Transformers take this much further. Their modulatory pathways are no longer a small component of the network. They’re almost the whole thing; hence the title of the paper that introduced them “Attention Is All You Need”. A transformer is built from stacks of attention layers that continually modulate information flow. Without getting into details (see Deep Dips #3: Transformers for a primer), this involves trainable weights being used to compute relevance scores between every pair of positions in the input — basically lots of small modulatory pathways. These act as dynamic scaling factors that determine how strongly different pieces of information influence one another, allowing the network to reconfigure itself as it runs.
Other modulatory pathways can be found in mixture-of-experts (MoE) transformers, which are widely used in modern LLMs. These models contain multiple parallel neural networks — the experts — and a gating mechanism that dynamically selects which experts should be active for a given input. Experts irrelevant to the current context are turned off, saving computation; relevant ones are activated. As before, this modulation is done by small trainable pathways that output multiplicative scaling factors.
So, within artificial neural networks, modulatory pathways have become a useful mechanism for solving a range of practical problems. And although these ideas were not primarily motivated by biology, modulatory pathways also play a central role in the brain. Neuromodulators such as dopamine and serotonin are released as a result of neural activity. They then diffuse in the brain and cause functional responses elsewhere, operating as large‑scale modulatory pathways that tune the brain’s own computation in a context‑dependent way. There were some promising early neural networks, such as GasNets, that explicitly explored this mechanism.
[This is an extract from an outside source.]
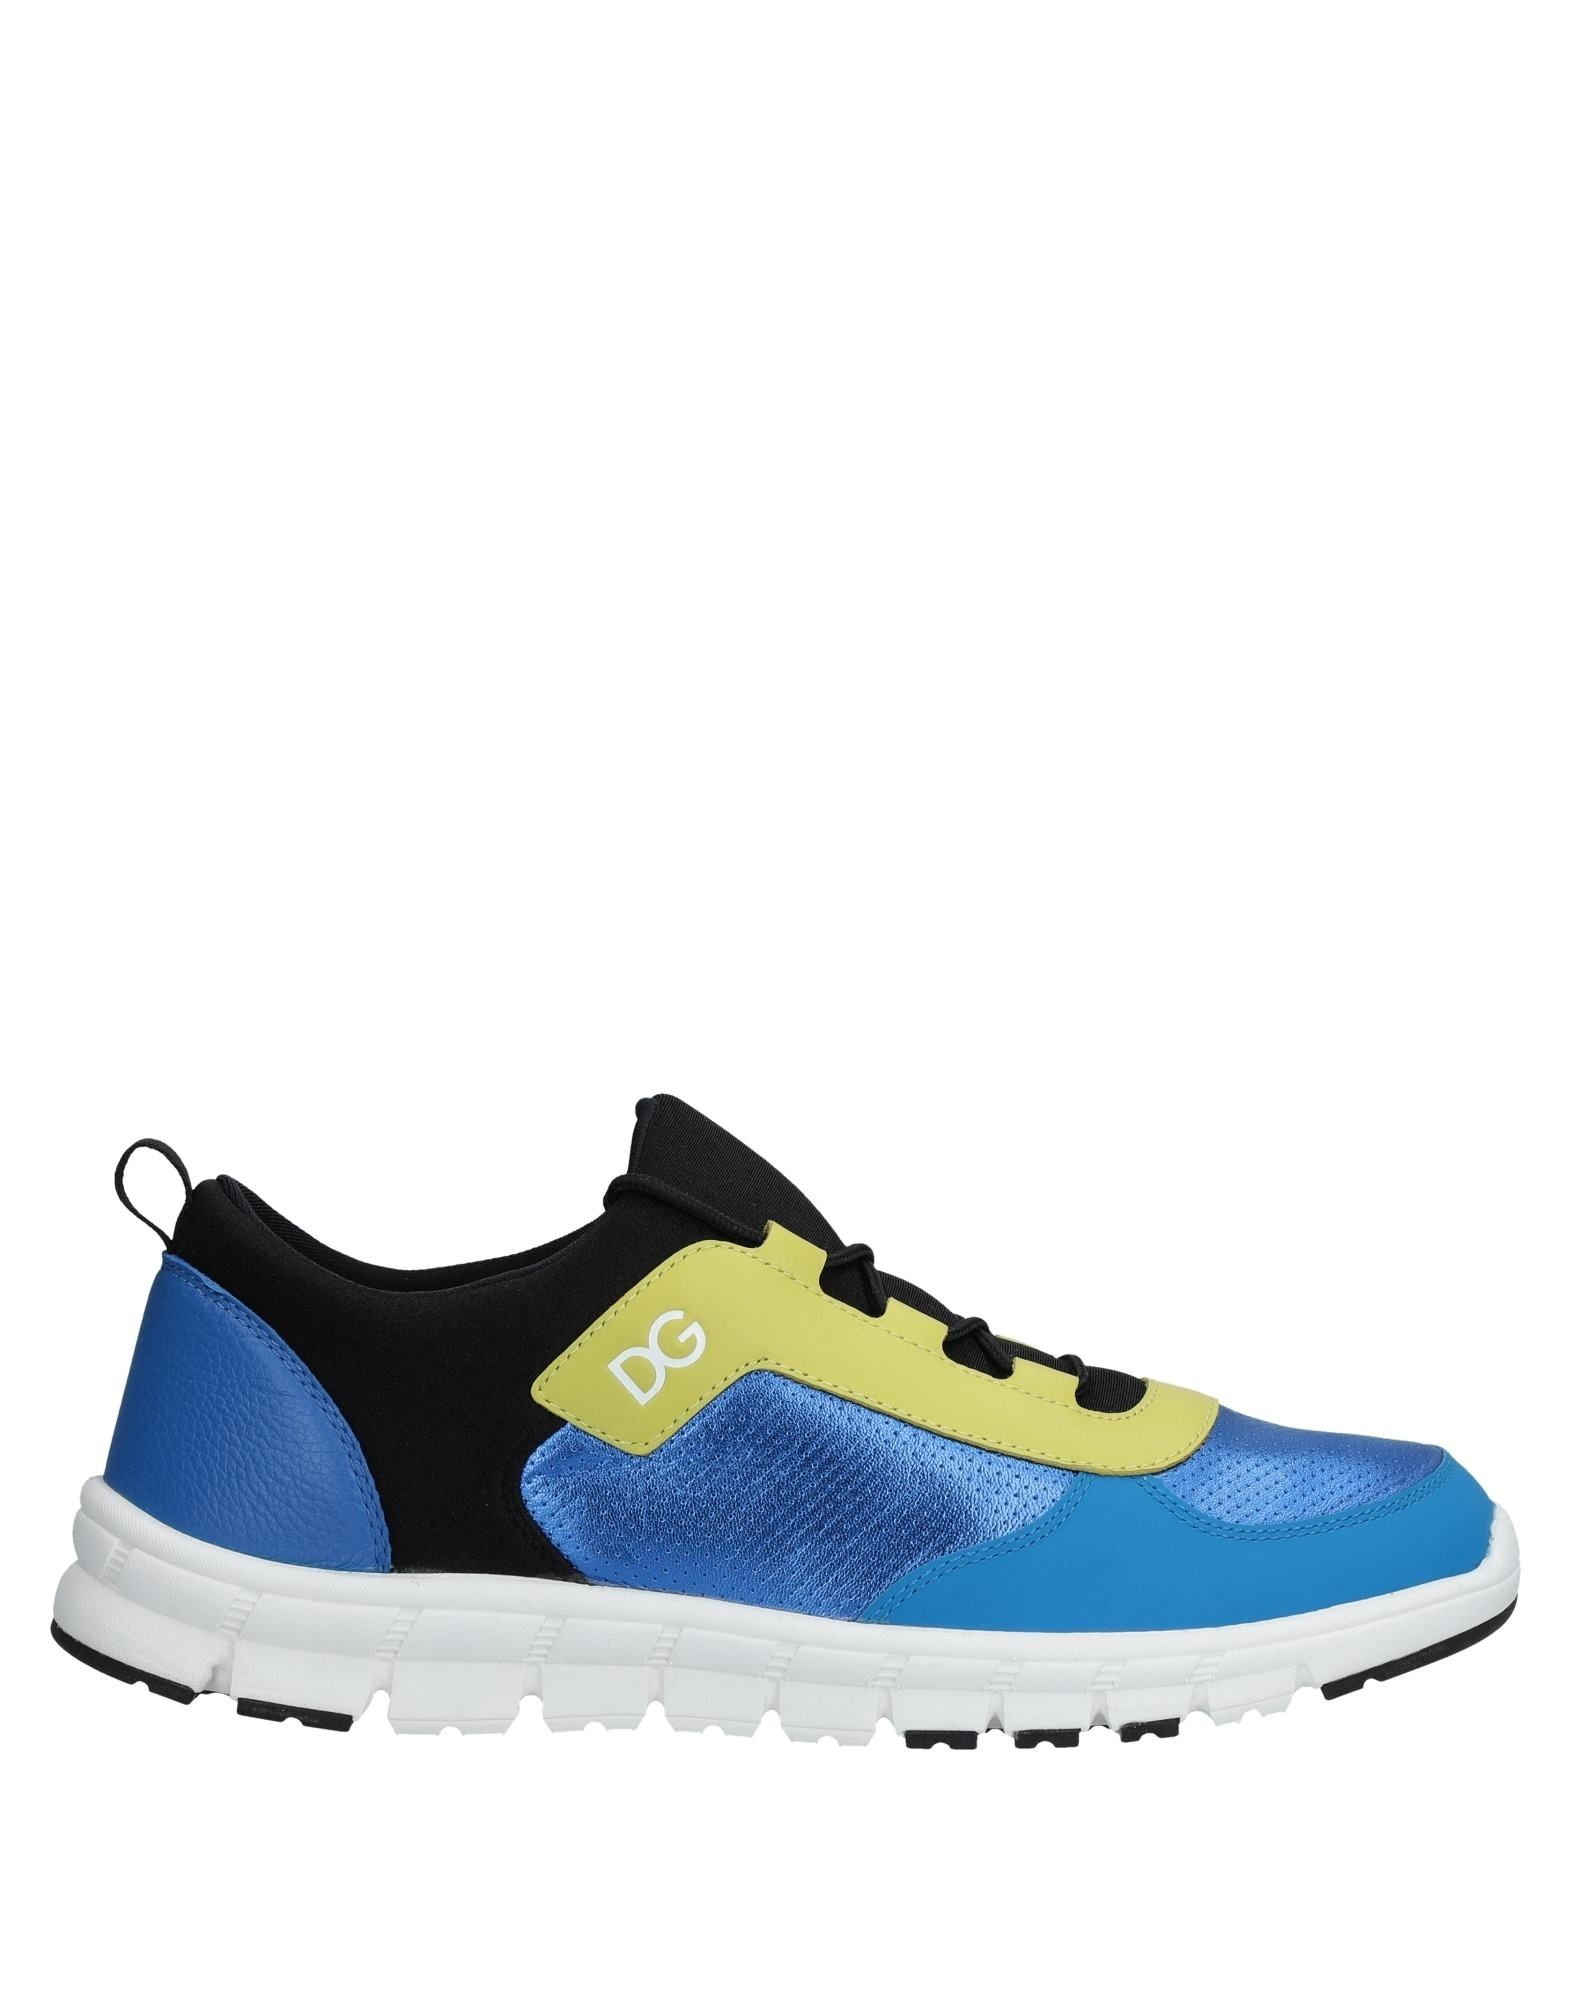 Dolce & Gabbana Sneakers Herren  11544035XM Gute Qualität beliebte Schuhe

Modulation is also a fundamental organising principle in biology beyond the nervous system. Cells, tissues, and even whole organisms rely on modulatory signals to flexibly reconfigure their behaviour without altering their underlying structure. Many years back, I led a project developing neural‑network‑like architectures inspired by modulatory processes within cells3. One of the interesting things we discovered was that modulatory pathways could significantly reduce network size by allowing components to dynamically take on different roles depending on context, meaning that very compact systems could do complex things. Not a bad lesson to learn in the context of modern day behemoth AI systems.
So, whilst the conventional AI wisdom these days is that attention is all you need, I prefer to take a broader view: modulatory pathways are all you need4.
This idea was first described in this 2014 paper by Bahdanau, Cho, and Bengio.
Convolutional Block Attention Module (CBAM) is the most common variety.
We called these artificial biochemical networks. They never really took off, but if you want to know more, take a look at this overview paper.
Though not really. Even transformers still contain plenty of other stuff, such as MLP layers. The name of the paper was really getting at the fact you don’t need recurrency to produce effective models, since this was the dominant approach in machine translation at the time. Although it turns out that recurrency is still important if you want to process really long contexts — state space models like Mamba basically re-introduce recurrencies as a way of handling long context.